Given data>

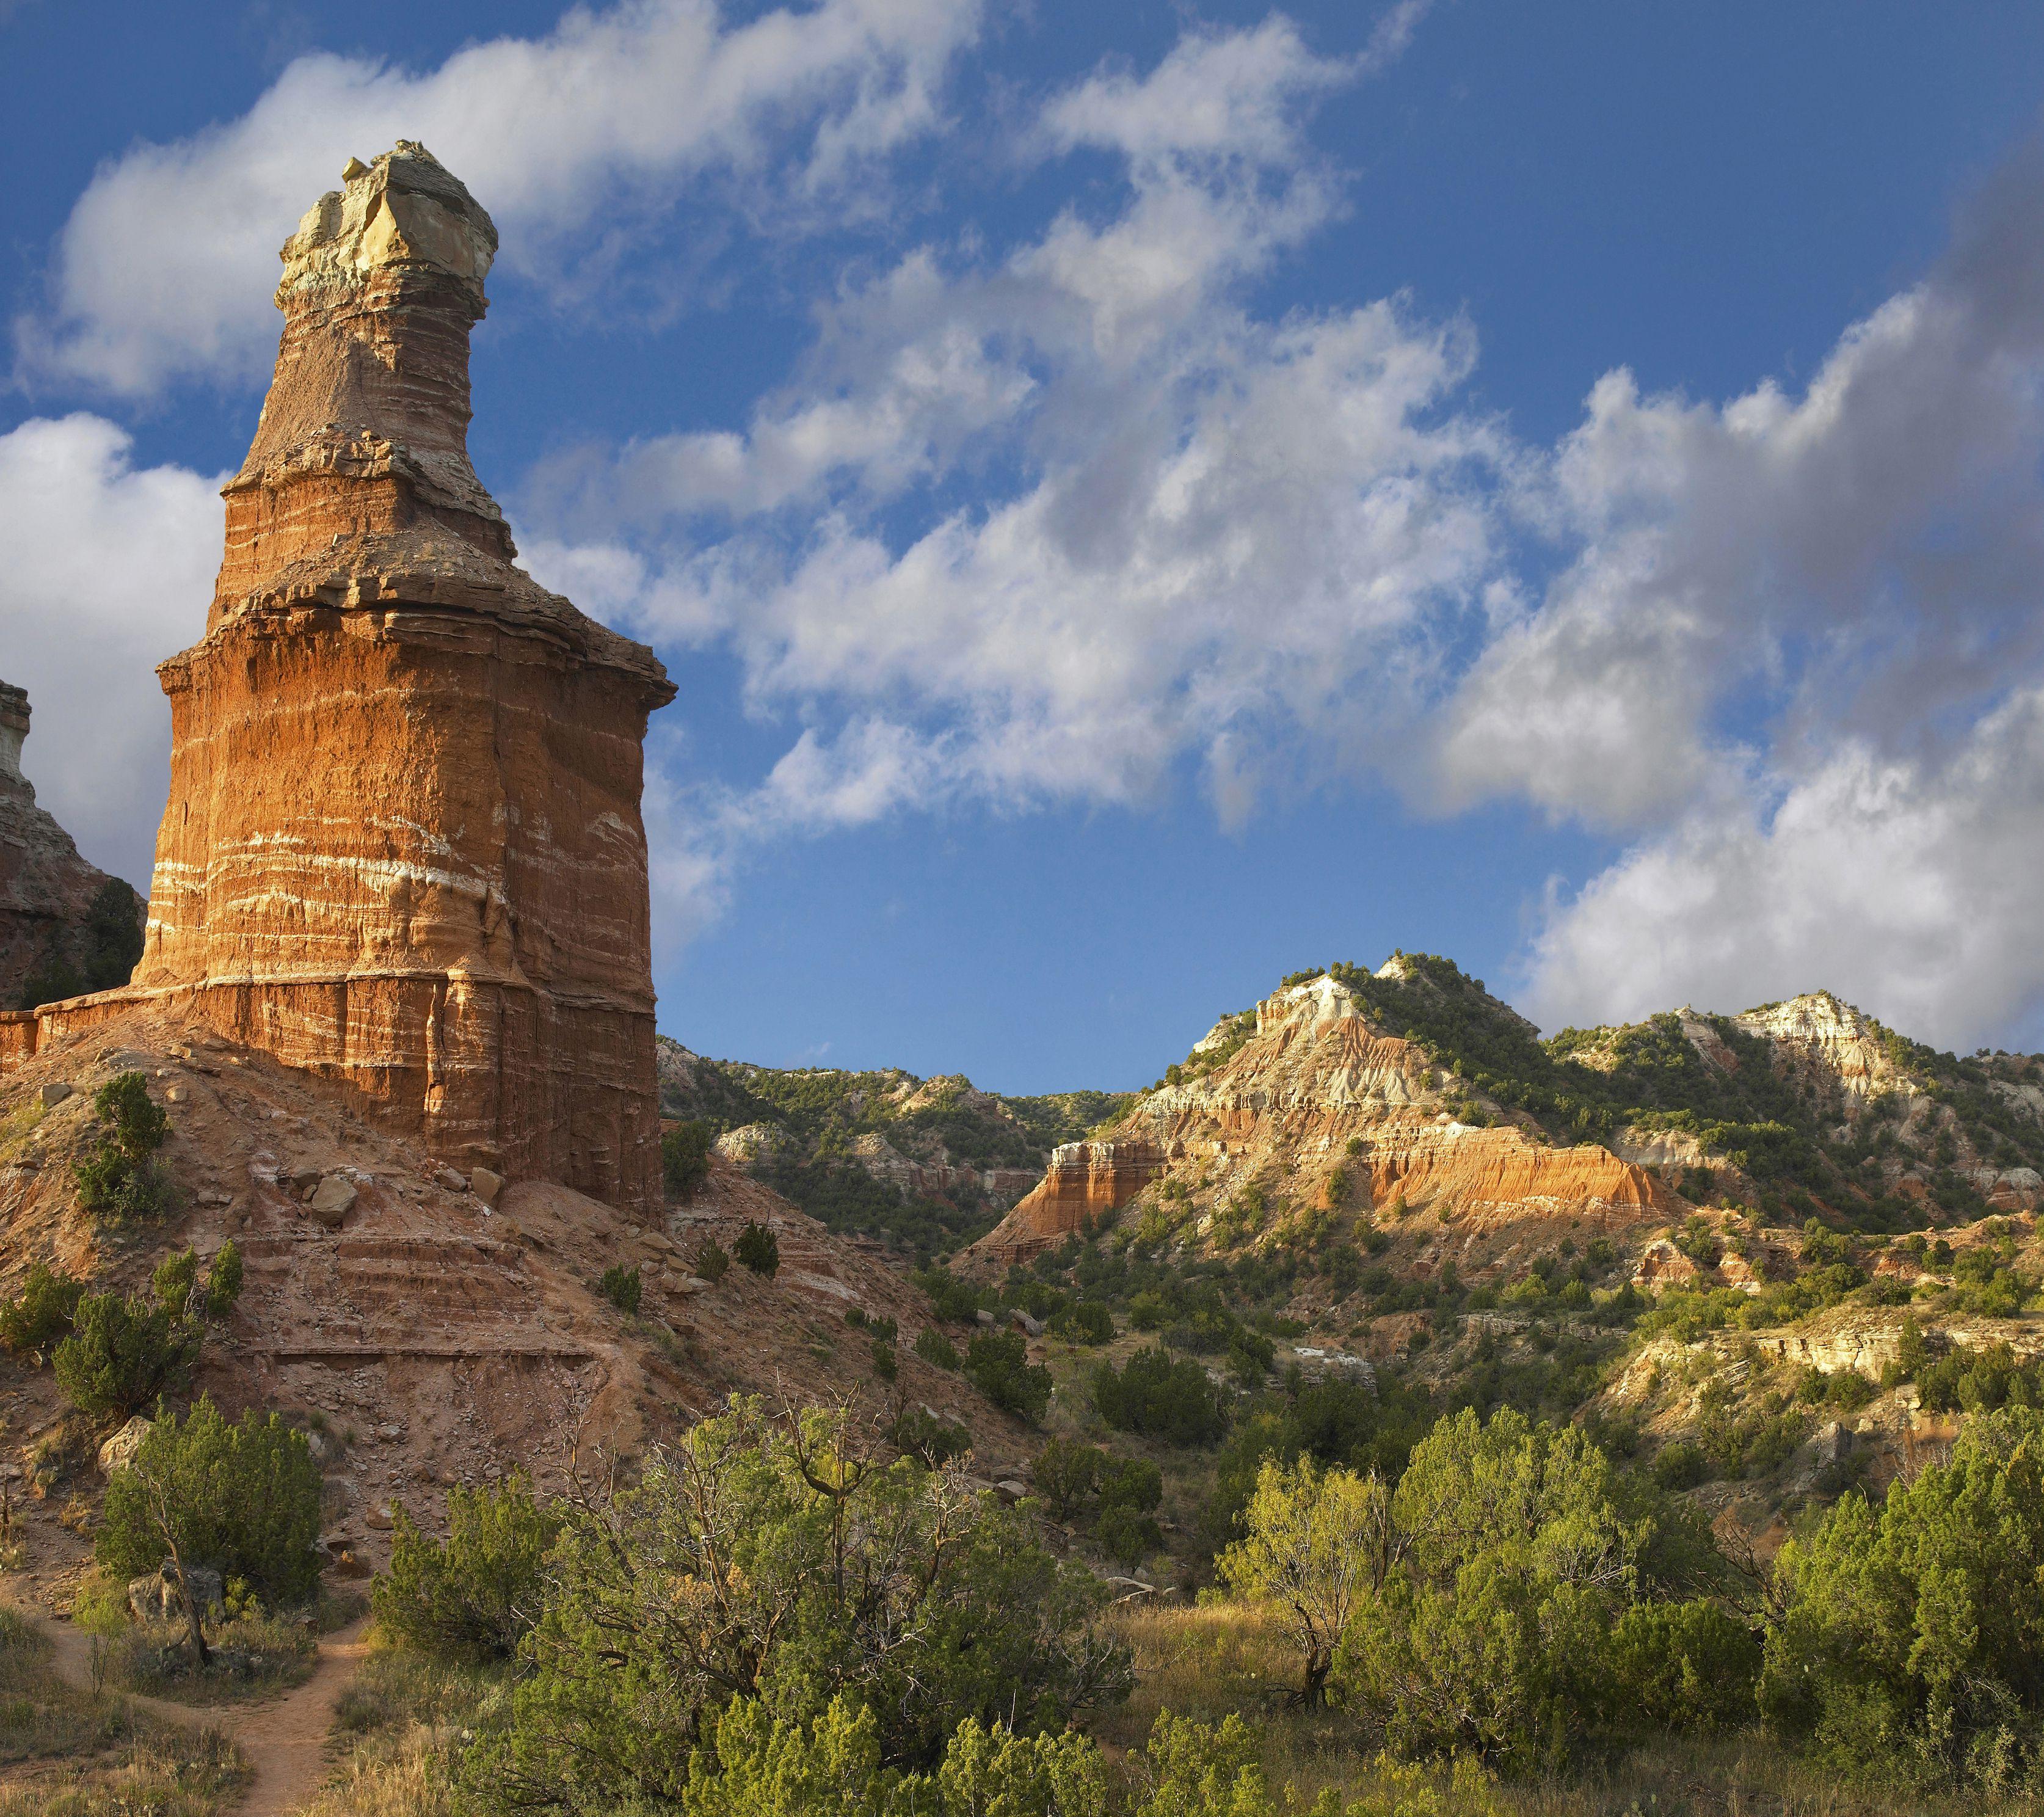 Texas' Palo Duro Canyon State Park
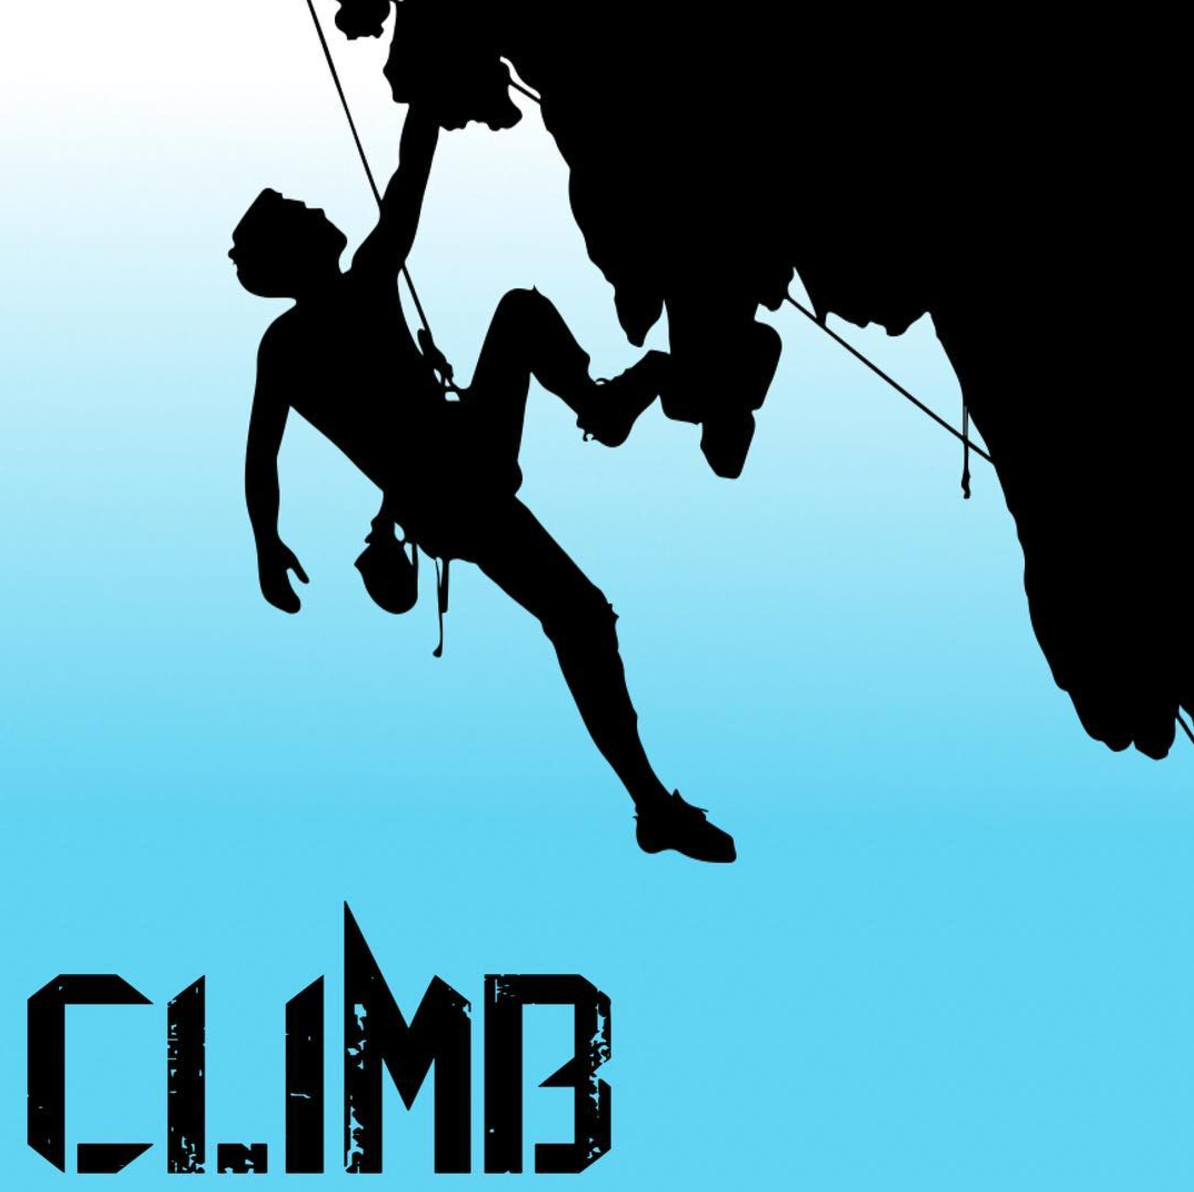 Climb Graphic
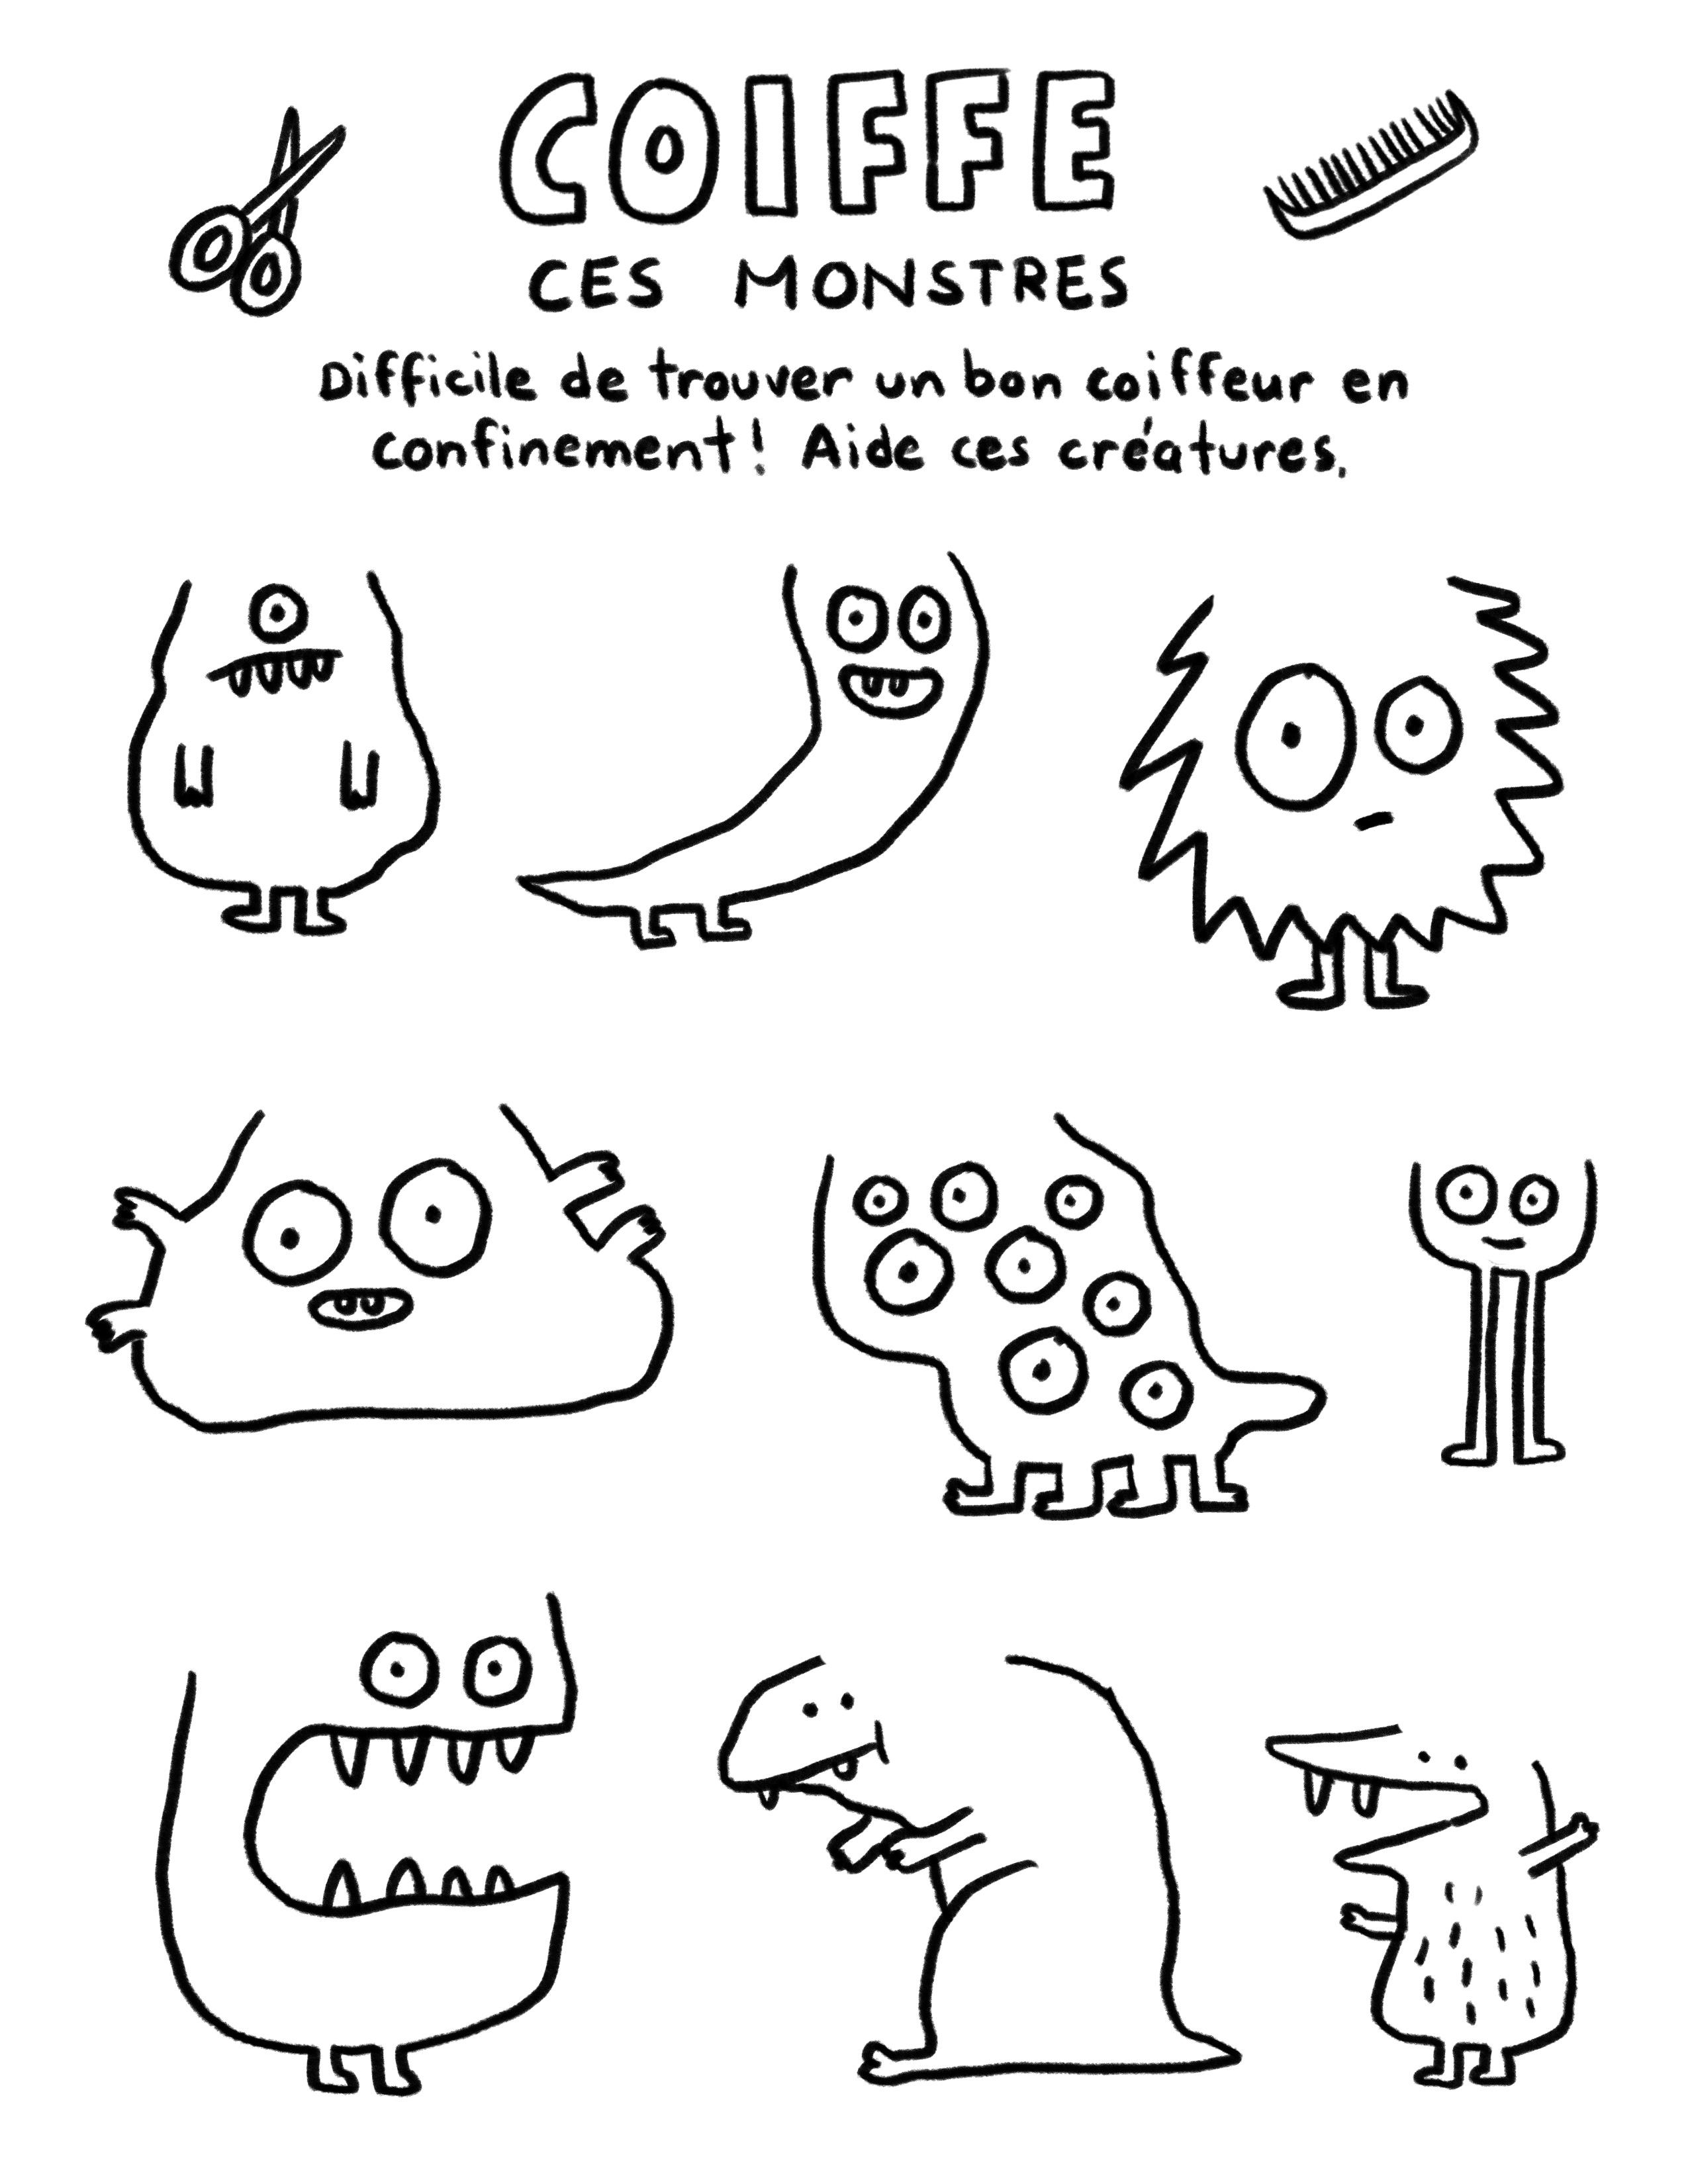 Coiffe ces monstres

Exercise> Print the material exactly as given, but not the pictures.

Answer for the task>
 Texas' Palo Duro Canyon State Park
 Climb Graphic
 Coiffe ces monstres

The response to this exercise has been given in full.